Central Military Commission
- Flag of the Communist Party of Vietnam
- Military flag of the Vietnam People's Army

Agency overview
- Formed: 1946
- Jurisdiction: Vietnam
- Agency executives: Tô Lâm, Secretary; General Phan Văn Giang, Deputy Secretary;
- Parent agency: Central Committee of the Communist Party of Vietnam
- Child agency: People's Army of Vietnam;

= Central Military Commission of the Communist Party of Vietnam =

Highest military policy body within the Vietnamese Communist Party

The Central Military Commission (CMC; Quân Ủy Trung ương) is an organ of the Communist Party of Vietnam, which is the highest body in Vietnam on military policy and the ideological head the Vietnam People's Army (VPA) alongside the Ministry of National Defence, which is responsible for executive management of the People's Army and politically under effective influence of the CMC. Its membership includes some members of the Politburo and military leaders.

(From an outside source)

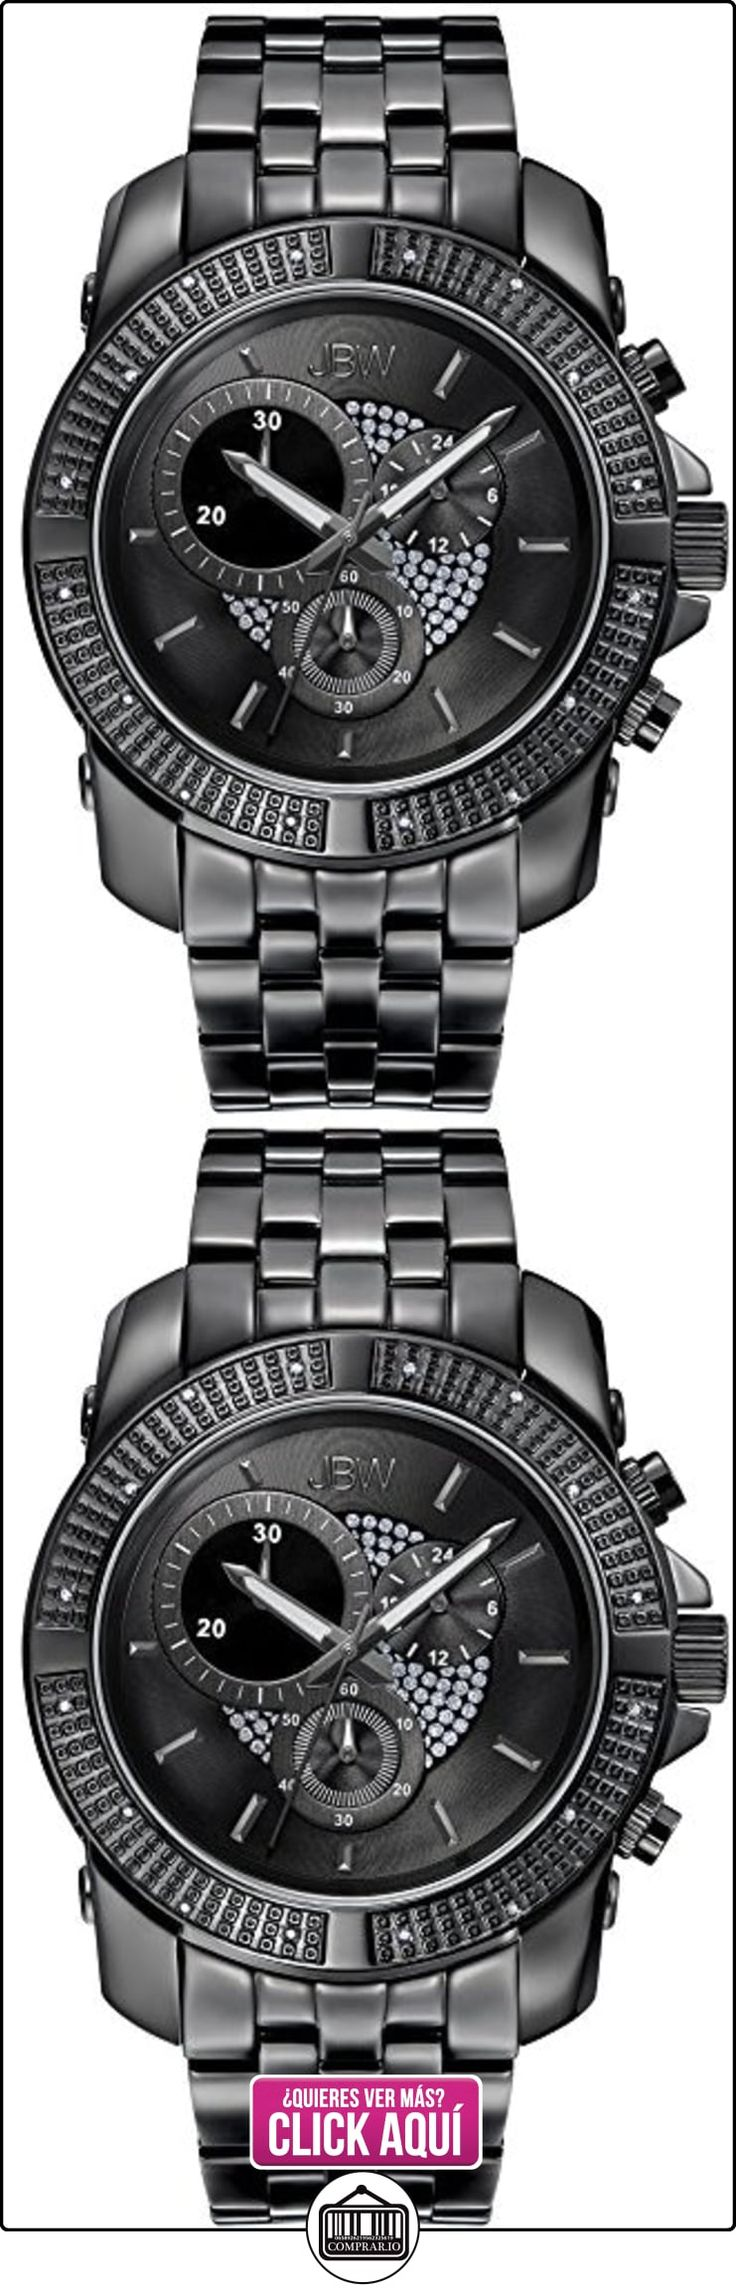 JBW Reloj con movimiento japonés Man Warren Negro 48 mm  ✿ Relojes para hombre - (Lujo) ✿ ▬► Ver oferta: http://comprar.io/goto/B01BMOUXC2

The CMC is headed by a secretary, who is also the general secretary of the party.

== Functions ==
Practically, the CMC is the highest political governing body of the Vietnam People's Army, thus its head is also the practical highest leader of the military. The Statute of the Communist Party of Vietnam says that the VPA is "under the party's absolute, direct, comprehensive leadership", making it effectively the military wing of the ruling party. The membership of the CMC is appointed by the Central Committee. The CMC is responsible to the Party's Politburo and the Secretariat. Its main priority is to supervise party affairs within the VPA, from the very bottom to the top, which is represented by the General Political Department.

== Publications ==
The Commission publishes the People's Army Newspaper together with the Ministry of National Defence.